[WORK TO COMPLETE] Copy the entries below exactly; any picture among them should be left out.

------ MATERIAL PROVIDED ------

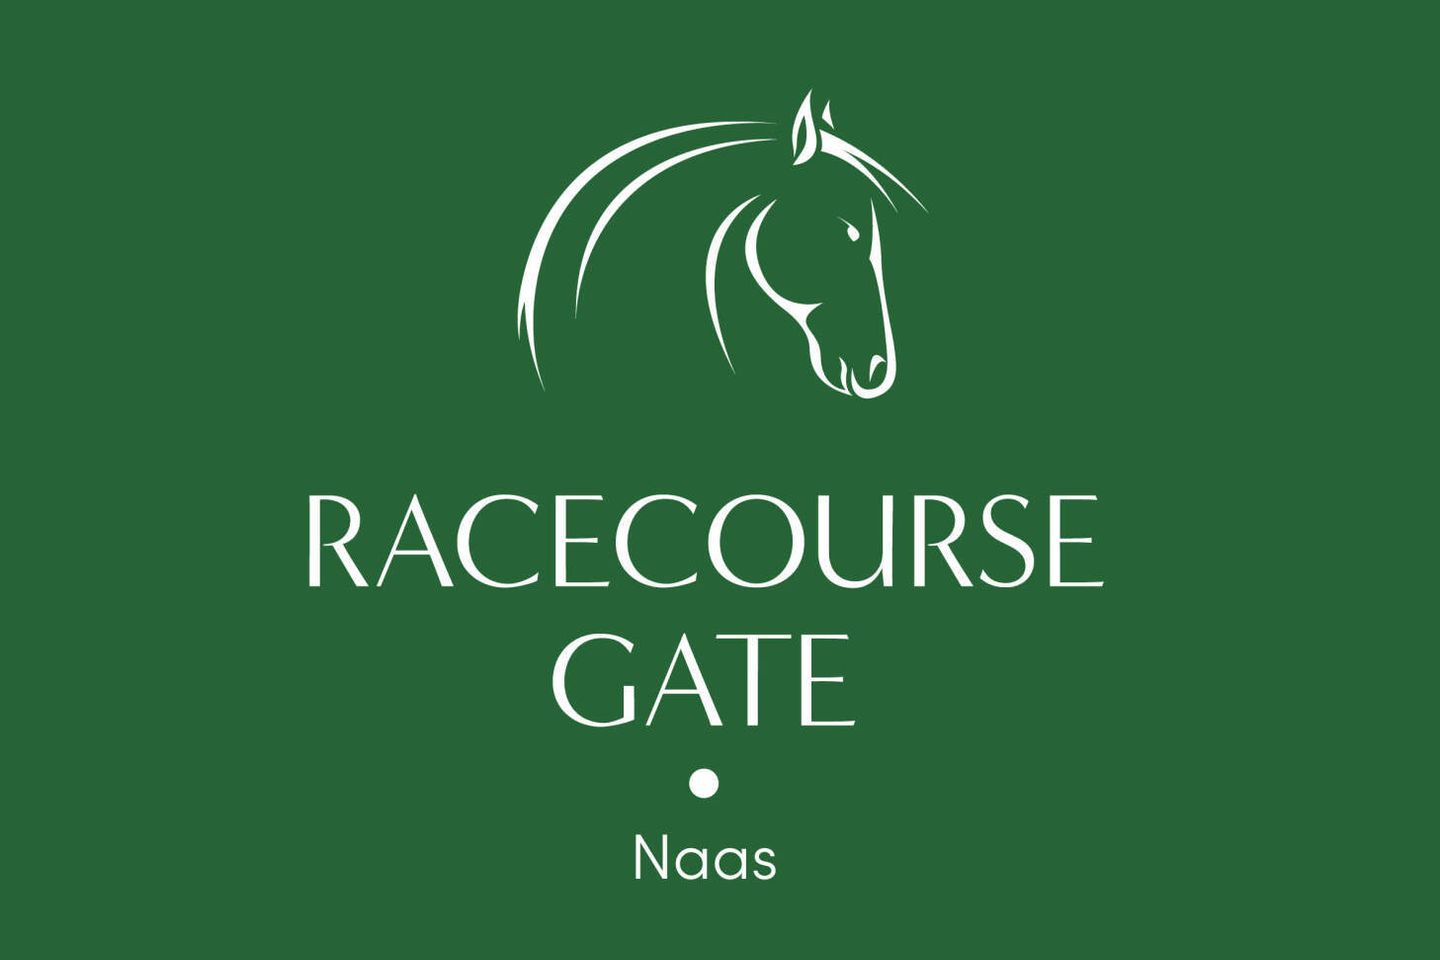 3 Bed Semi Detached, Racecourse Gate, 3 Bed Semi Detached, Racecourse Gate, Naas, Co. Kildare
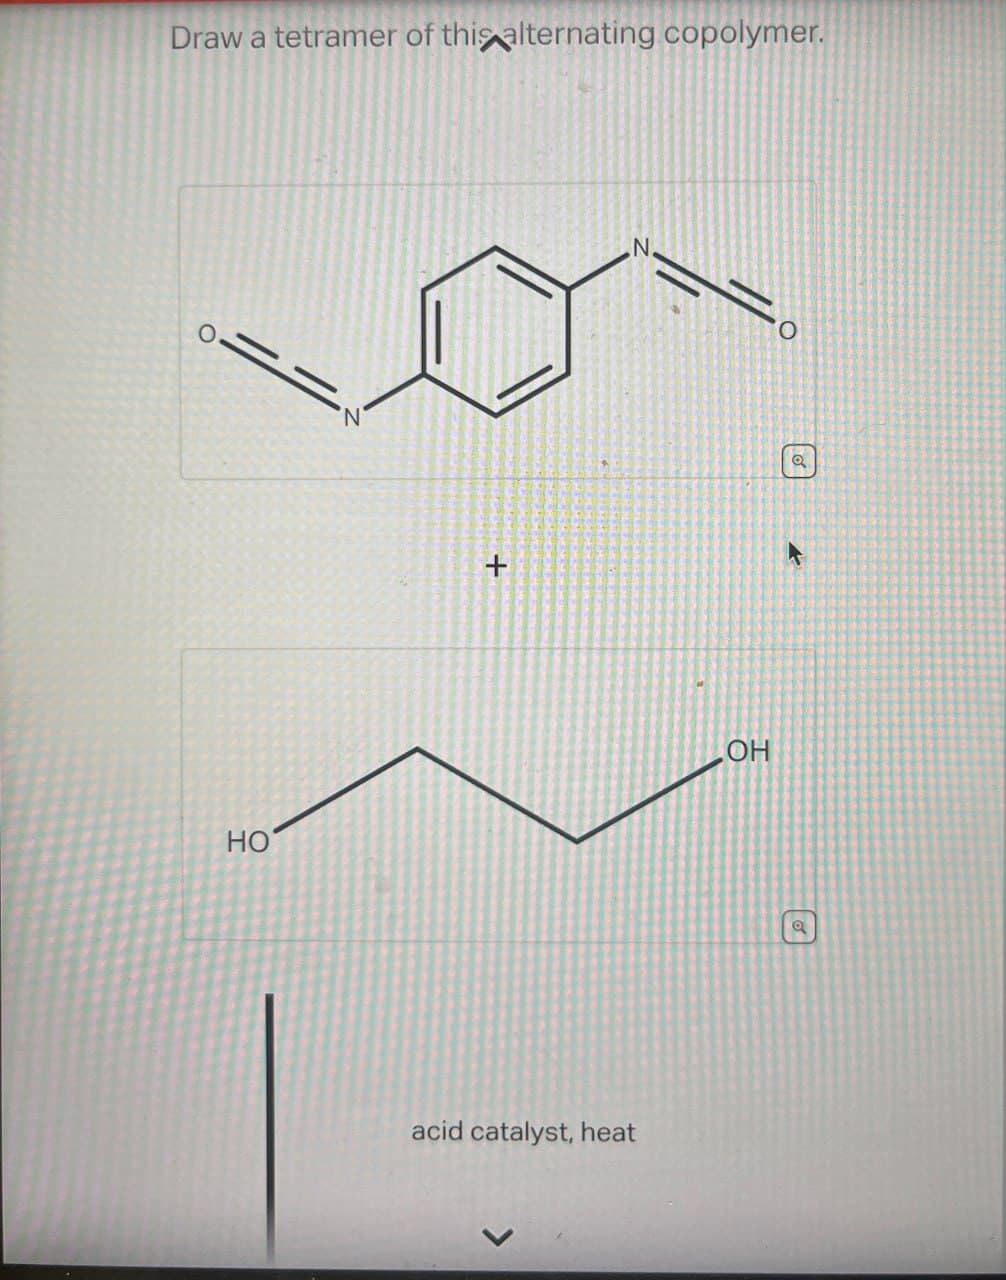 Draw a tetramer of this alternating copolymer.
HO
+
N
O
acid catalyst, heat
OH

------

[RESULT BELOW]
 3 Bed Semi Detached, Racecourse Gate, 3 Bed Semi Detached, Racecourse Gate, Naas, Co. Kildare
 Draw a tetramer of this alternating copolymer.
HO
+
N
O
acid catalyst, heat
OH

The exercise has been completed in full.